Nun, wenn Du das Netzteil vermutest, würde ich mal ein stärkeres auftreiben und testen. Wobei aber das Wärme Problem nicht ausser Acht gelassen werden kann. Allein schon wegen dem hochdrehen der Lüfter.
Dies mal meine erste Idee.


----------



## AndreG (18. März 2009)

Moin,

Wie sehen die Temps den aus?

Die Komponenten schon mal einzeln getestet? Sprich beim Kollegen,2ter Rechner usw.

Mfg Andre


----------



## Raubkopierer (18. März 2009)

Tritt das nur bei Spielen auf? Verwendest du für deine gesamte Hardware die aktuellen Treiber und die neuste DirectX-Version für dein System?


----------



## berndf78 (19. März 2009)

Hi,

wenn das ganze beim Spielen auftritt, ist meist der Speicher der Graka betroffen. Leider schein es als sei die 92er Serie der Nvidia Chips ein bisschen buggy(vor allem die OC-Versionen)!
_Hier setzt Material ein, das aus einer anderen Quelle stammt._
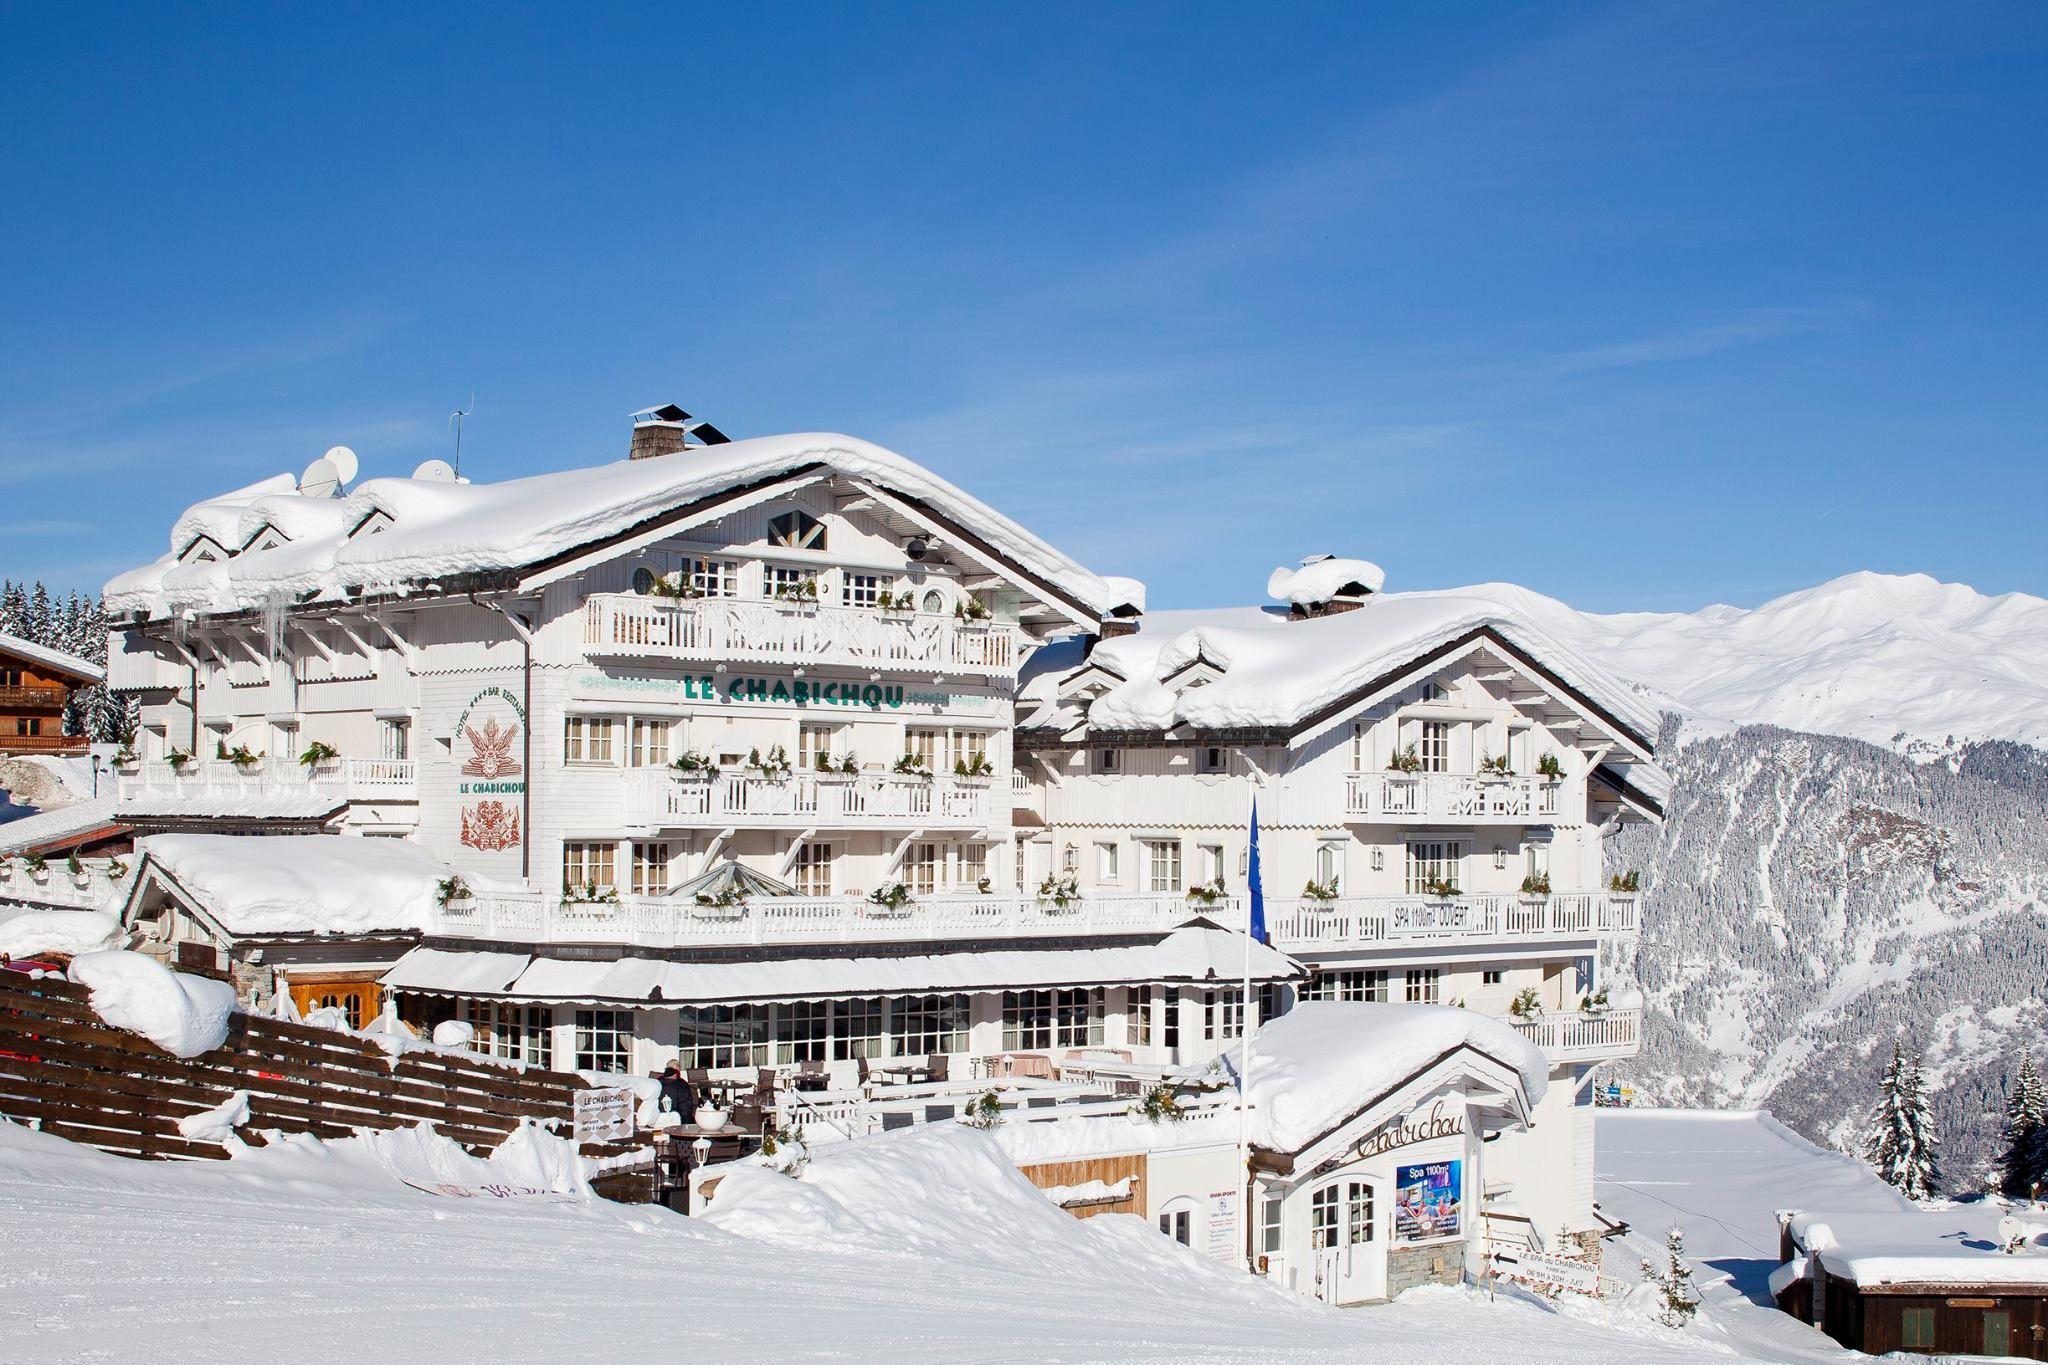 Lavorel Hotels

In meinem Bekanntenkreis, und ich selber auch, hatten laufend Probleme mit dem Chip, und dem von dir genannten Problem.

Unsere Lösungen:
1.) Vernünftige Kühlung der GraKa und des Gehäuses
2.) Ganz wichtig die Speicherchips der GraKa kühlen
3.) per RivaTuner den Speichertakt etwas runtergesetzt.

Hoffe, das löst dein Problem!

mfg
Bernd

PS.: Kann mir nicht vorstellen, das dein Netzteil unterdimensioniert ist mit deiner Rechnerkonfiguration


----------